**Task description**: Using the listing below, set down exactly the lines from the one that contains "Microsoft Windows Embedded" through the one that contains "Matty Smith in action for Wigan", with no pictures.

**Available records**:
◆ ◆ ◆ ◆
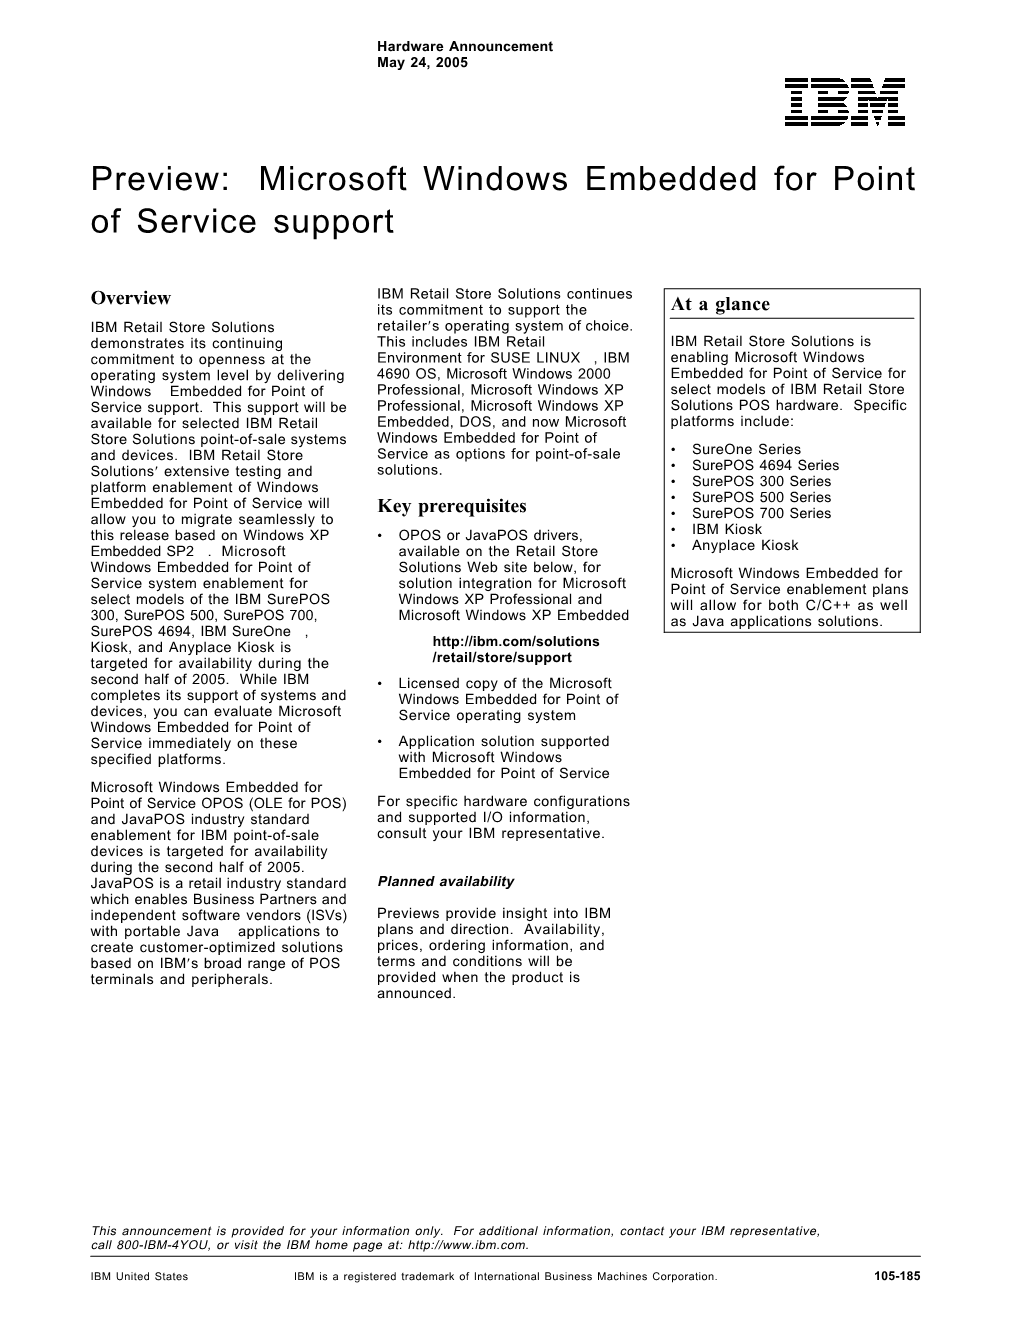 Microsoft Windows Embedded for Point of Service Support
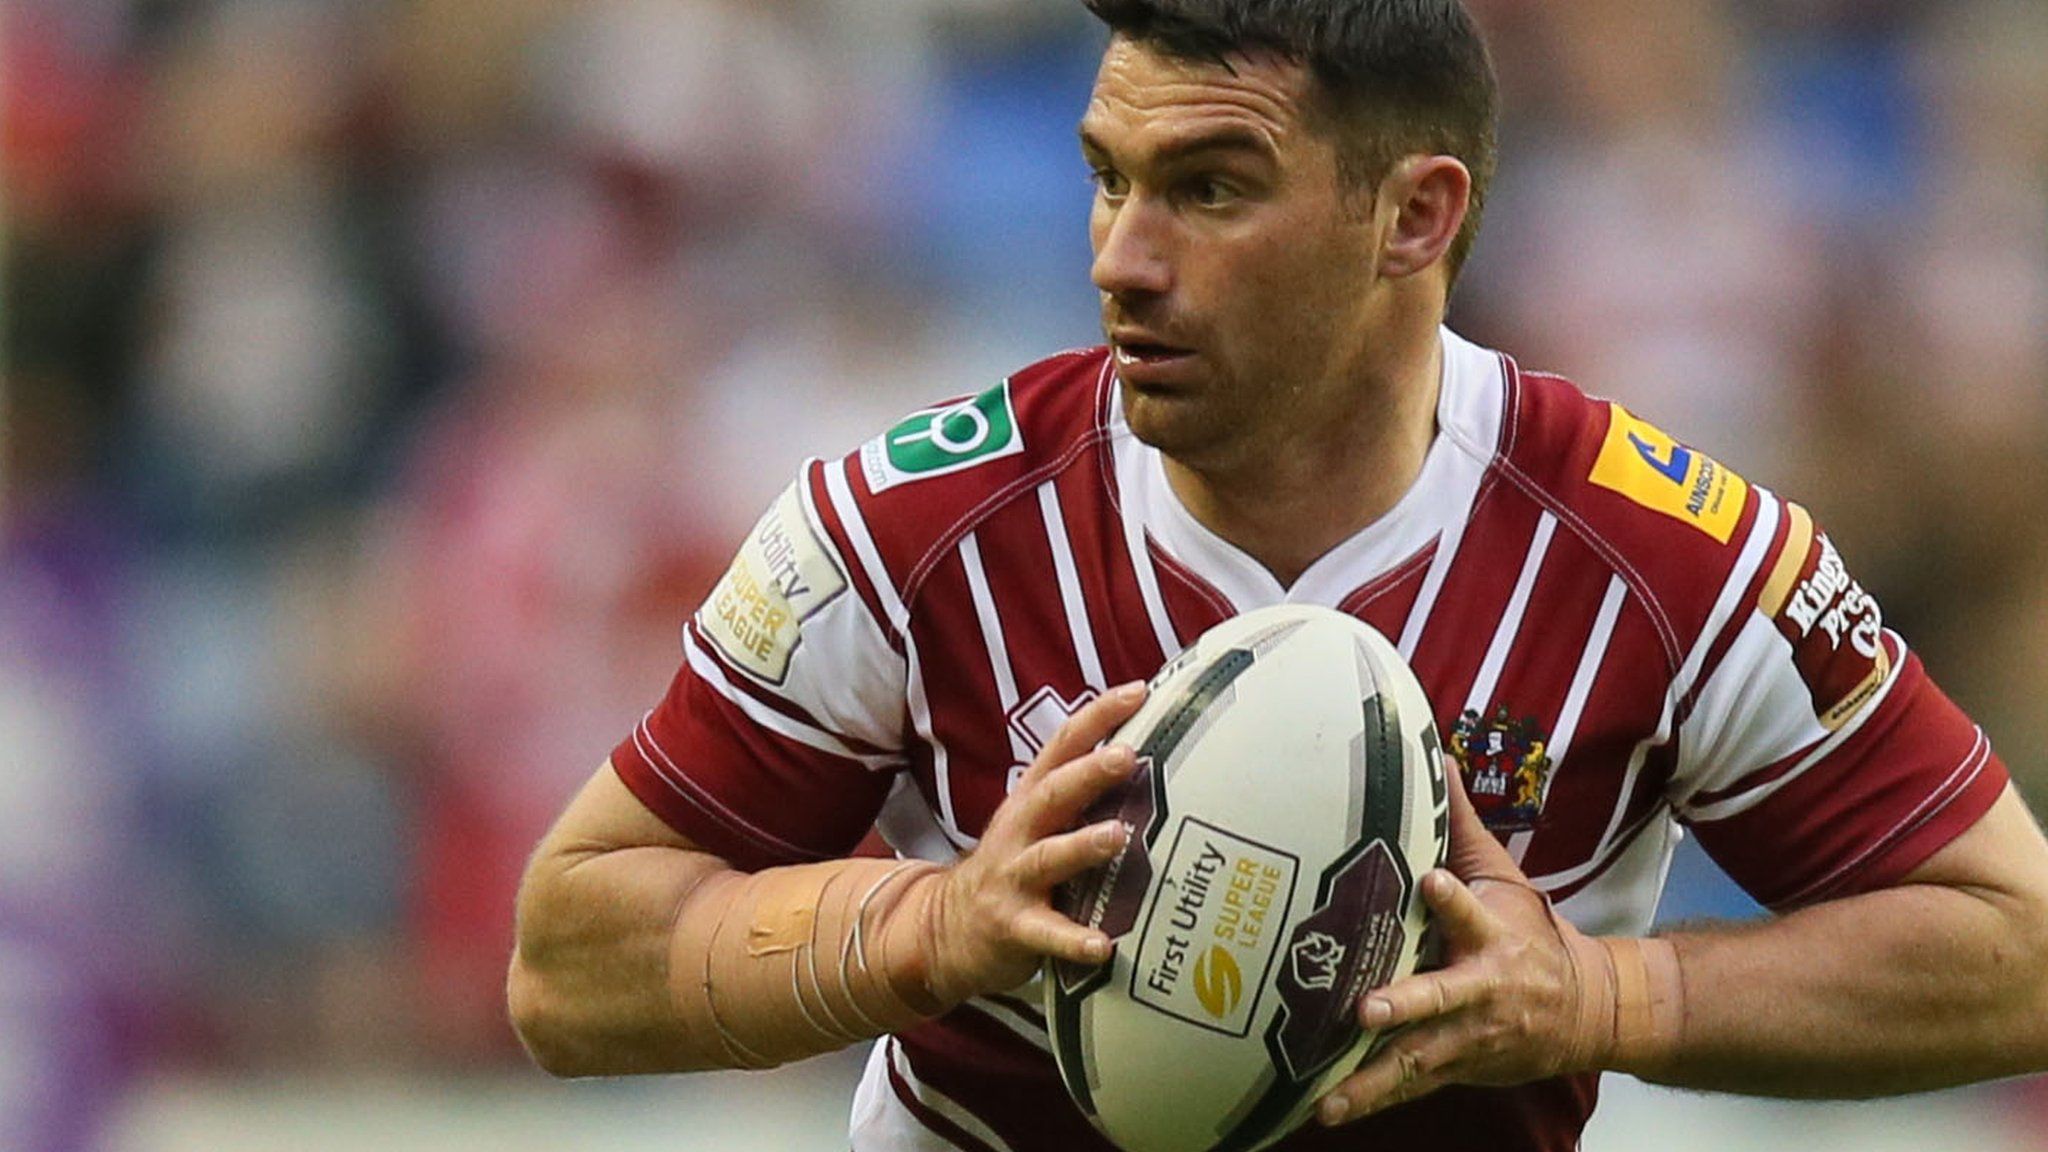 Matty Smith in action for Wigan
◆ ◆ ◆ ◆
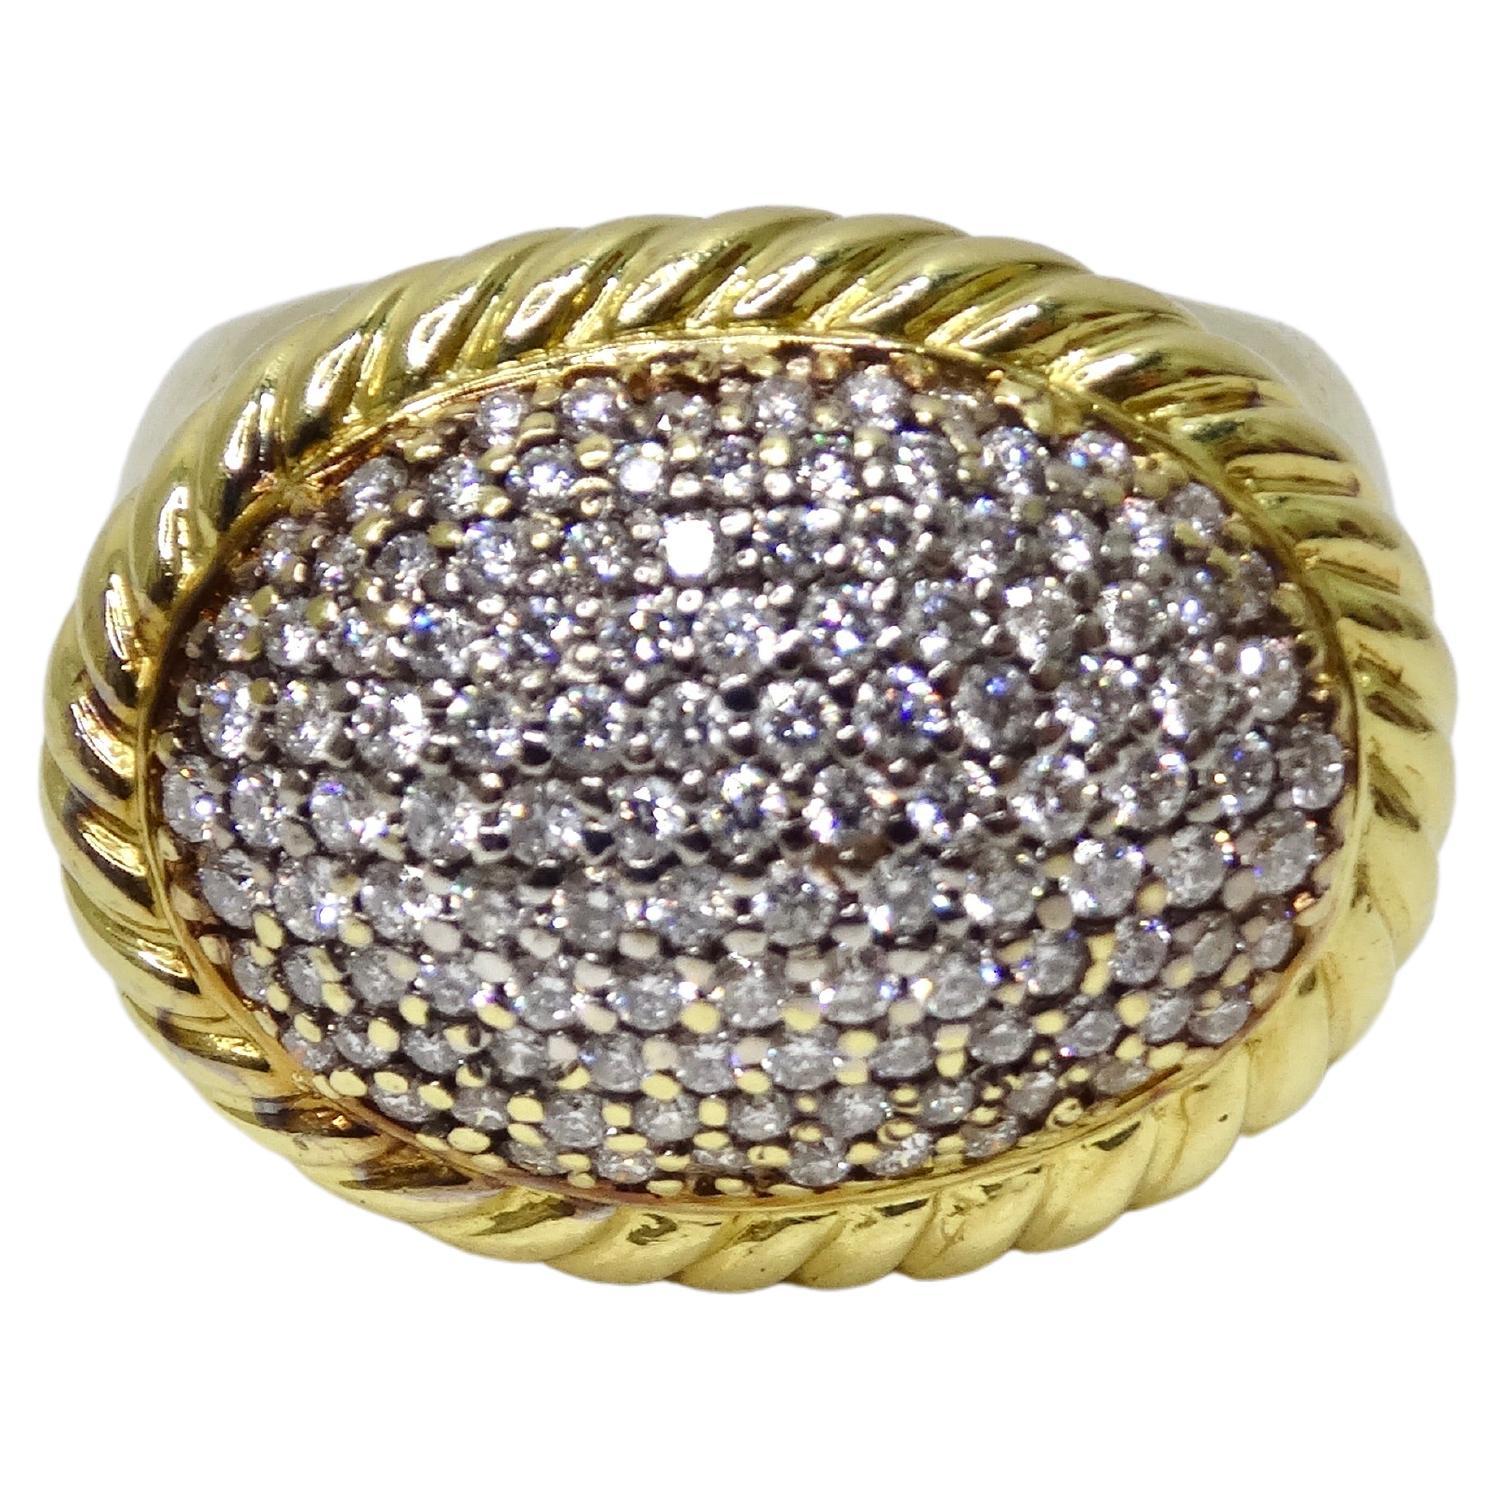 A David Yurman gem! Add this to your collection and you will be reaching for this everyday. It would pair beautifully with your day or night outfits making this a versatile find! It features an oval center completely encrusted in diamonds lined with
◆ ◆ ◆ ◆
**Response to this task**:
 Microsoft Windows Embedded for Point of Service Support
 Matty Smith in action for Wigan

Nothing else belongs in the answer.